Each line in the material below, starting at the one that contains "449 - Sound" and ending at the one that contains "蜜ぺディカブ桃ゲラン Terracotta Light", should be repeated exactly; the pictures should not.

(Data records):
--*--

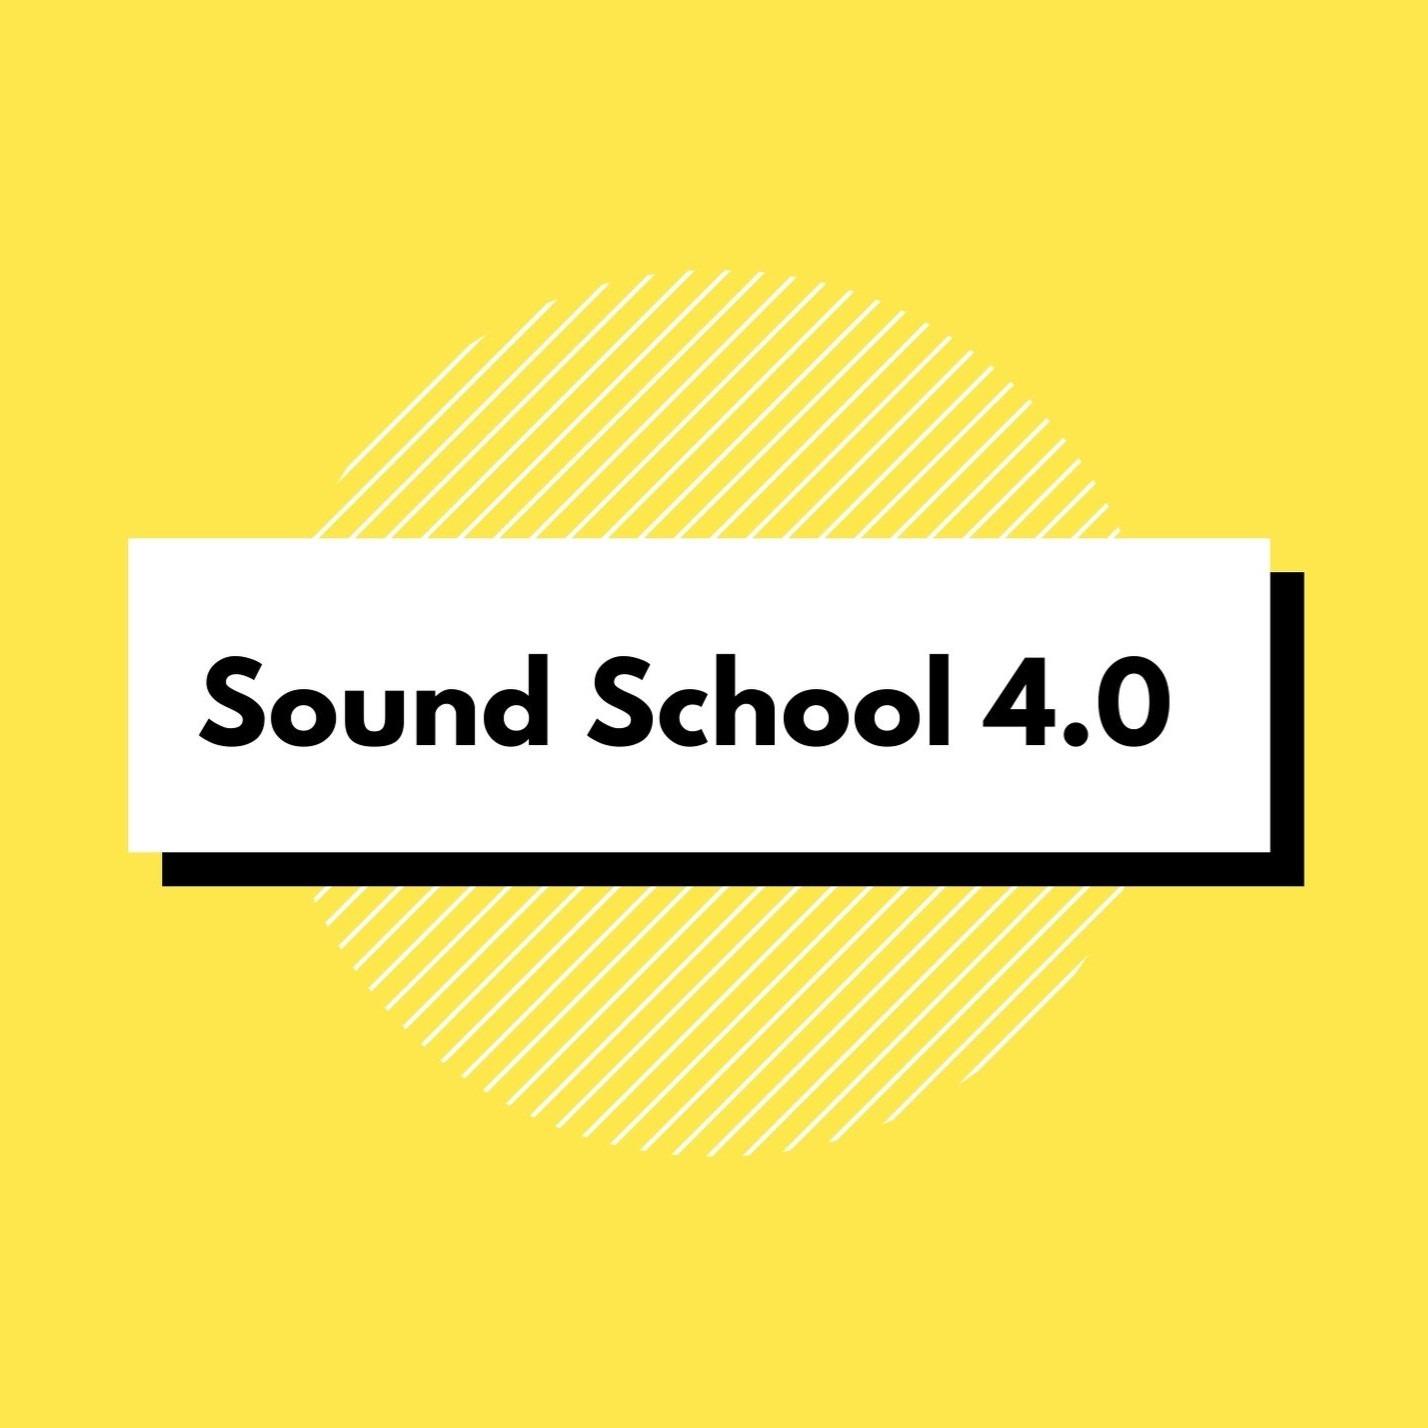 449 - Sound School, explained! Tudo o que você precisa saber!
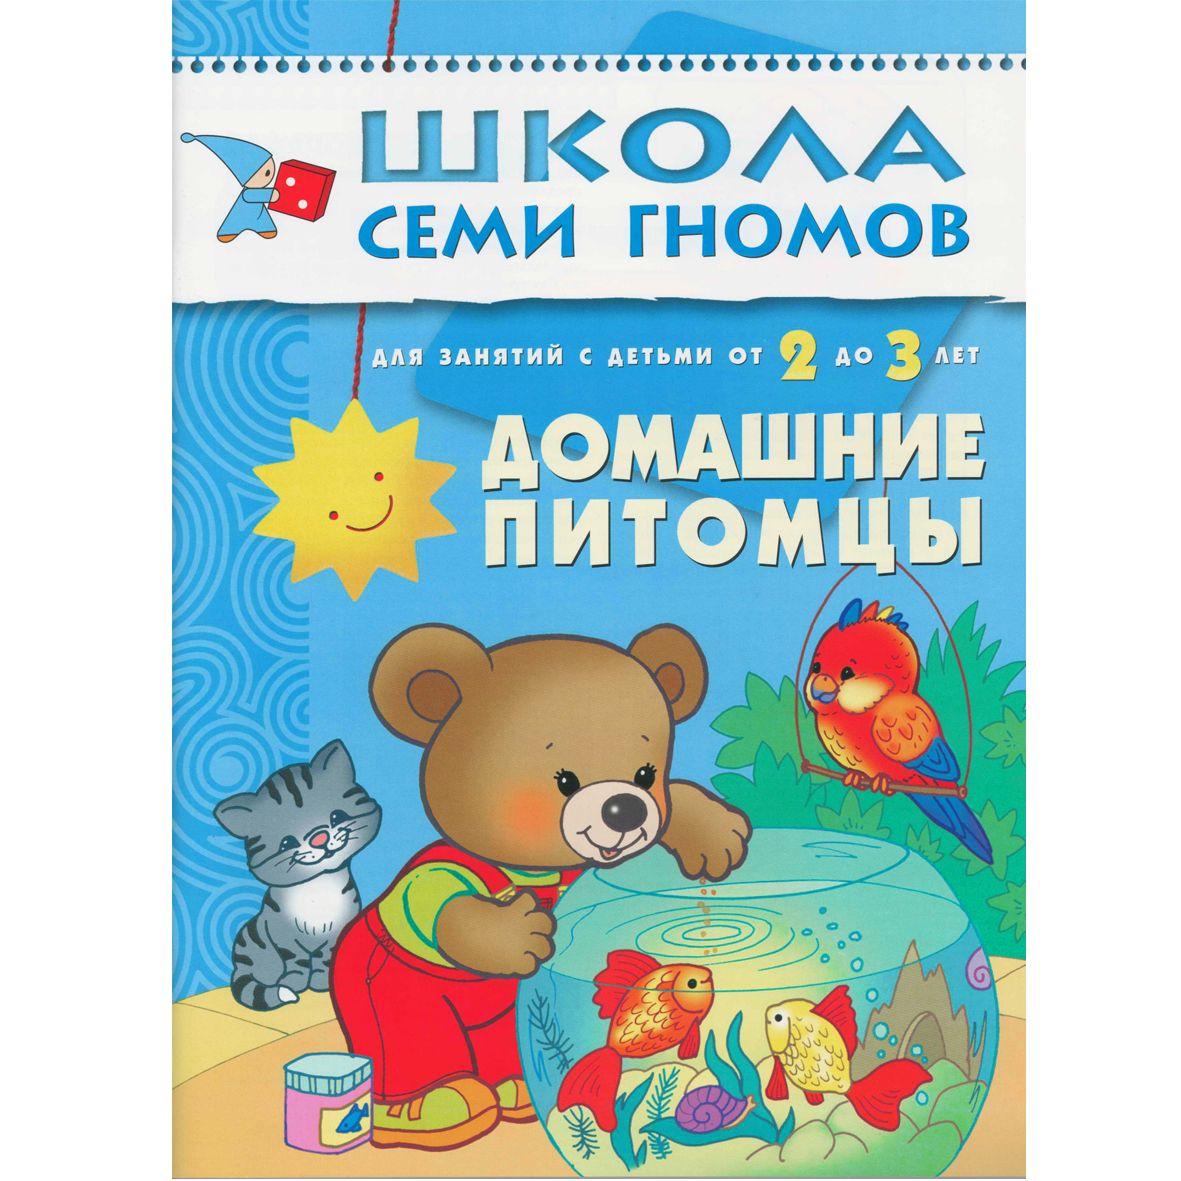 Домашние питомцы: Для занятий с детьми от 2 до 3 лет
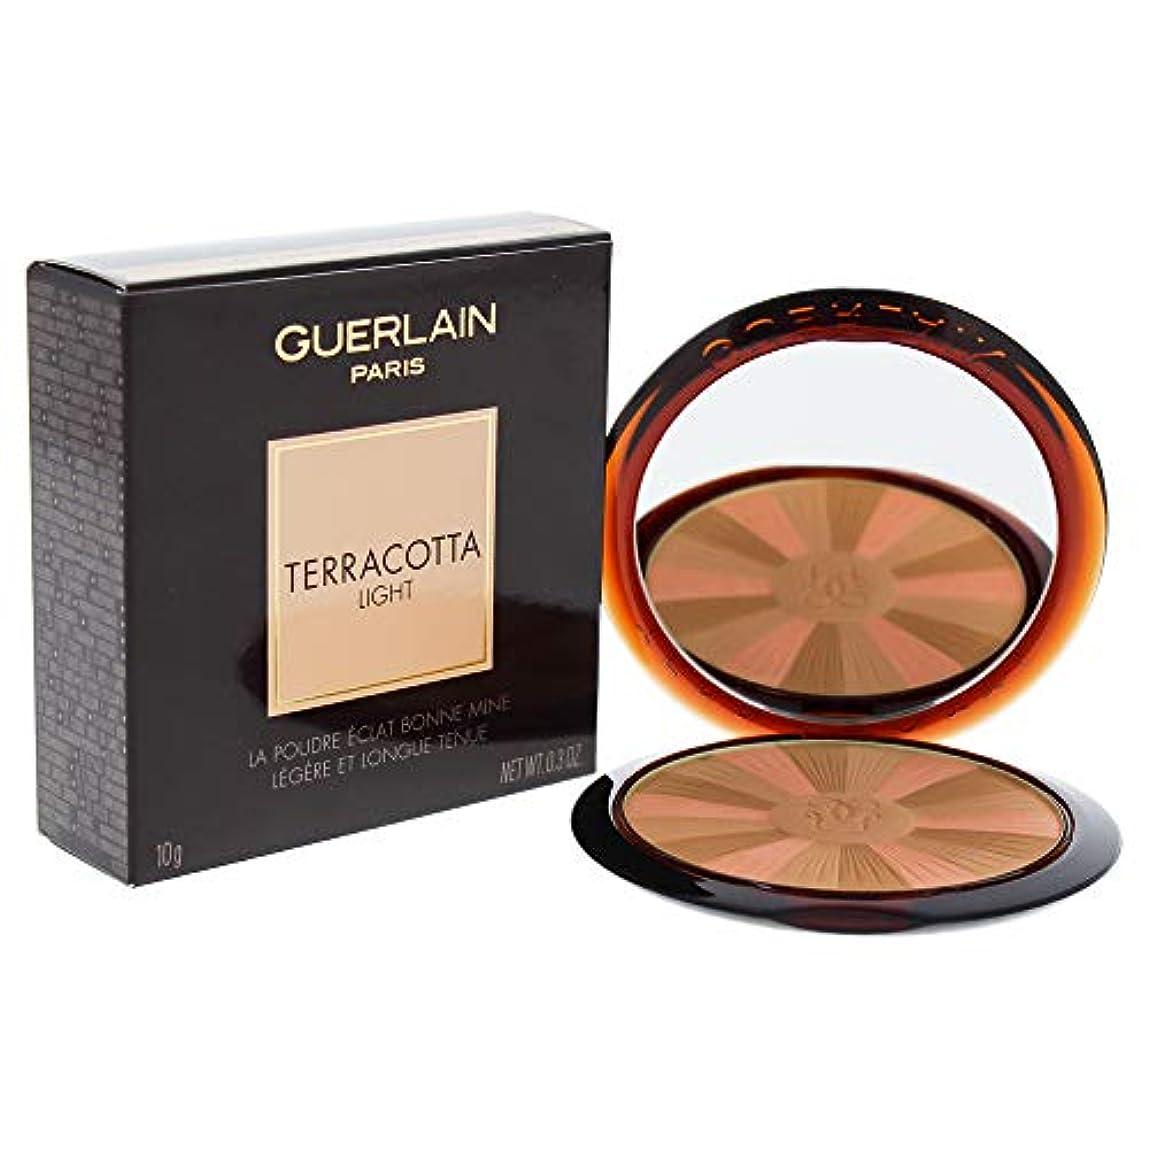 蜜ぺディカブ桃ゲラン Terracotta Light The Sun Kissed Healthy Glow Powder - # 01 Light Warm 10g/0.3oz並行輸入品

--*--

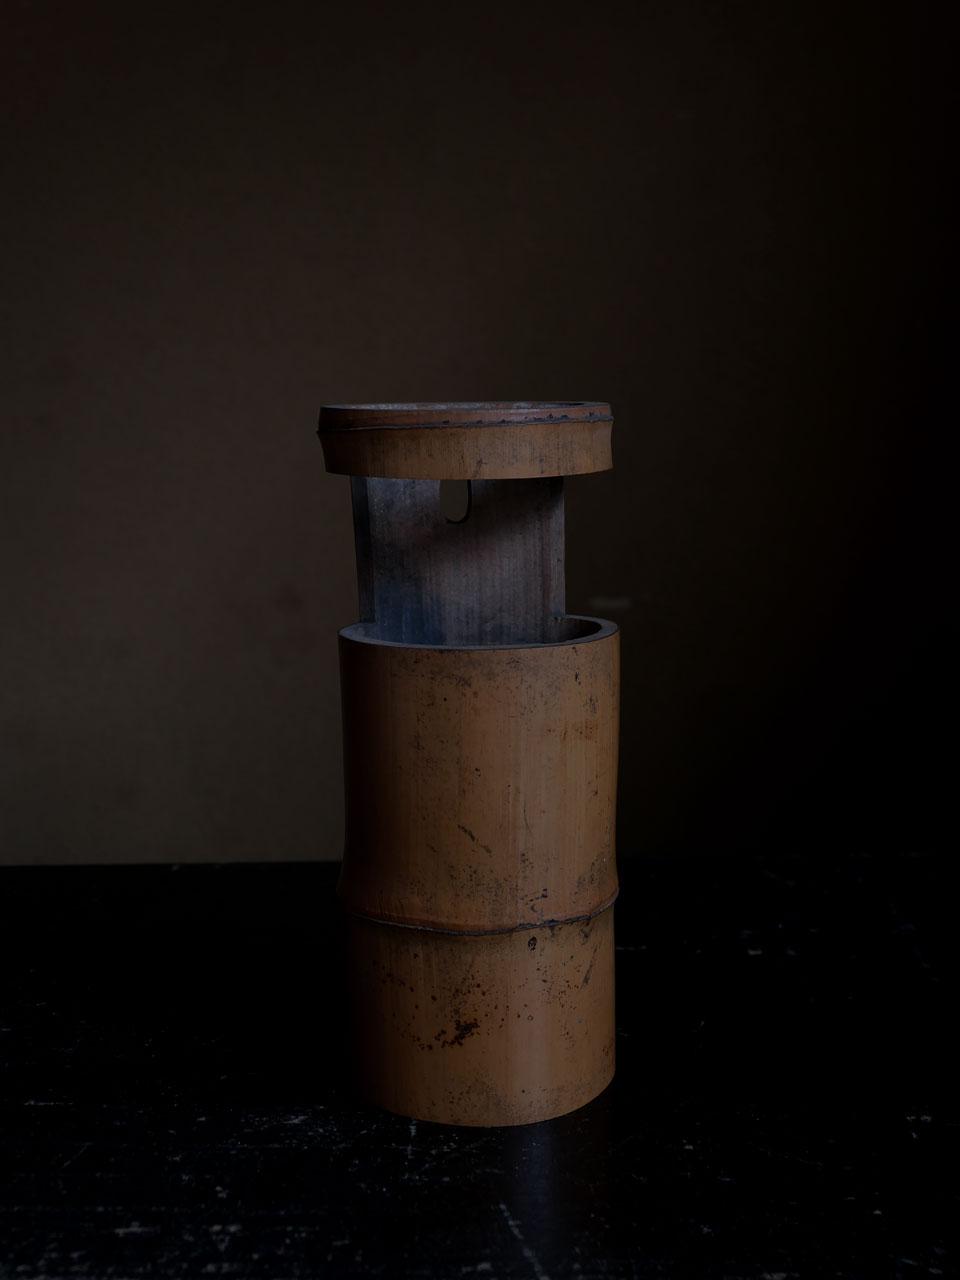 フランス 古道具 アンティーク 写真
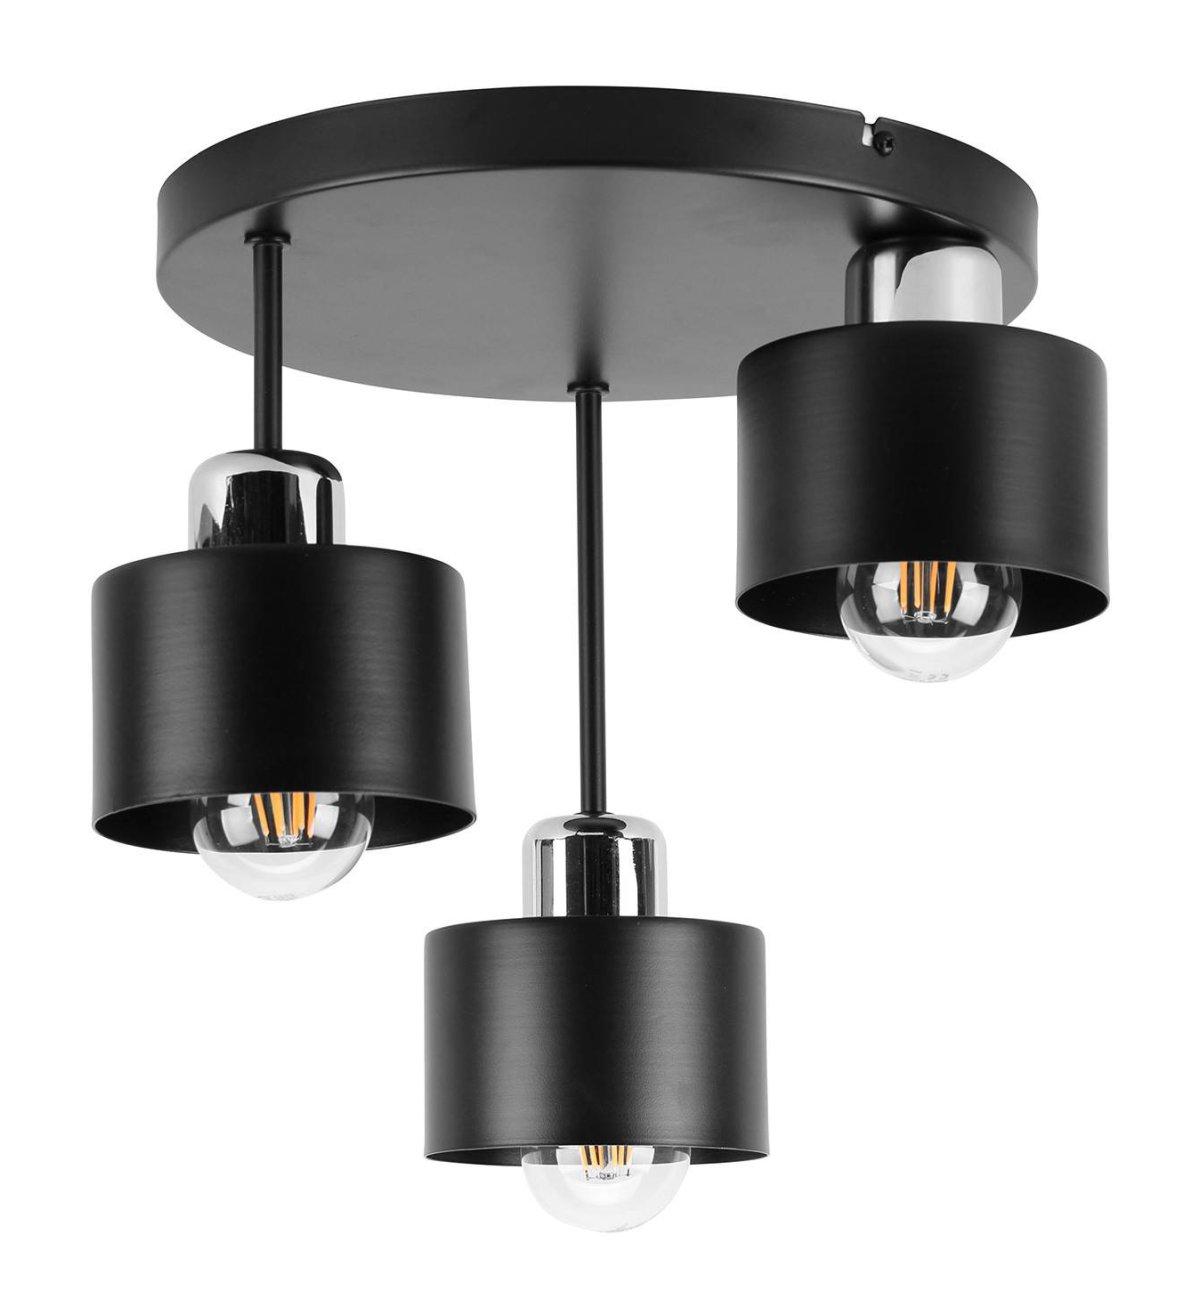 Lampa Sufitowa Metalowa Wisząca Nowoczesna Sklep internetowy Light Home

--*--

(Expected answer):
 449 - Sound School, explained! Tudo o que você precisa saber!
 Домашние питомцы: Для занятий с детьми от 2 до 3 лет
 蜜ぺディカブ桃ゲラン Terracotta Light The Sun Kissed Healthy Glow Powder - # 01 Light Warm 10g/0.3oz並行輸入品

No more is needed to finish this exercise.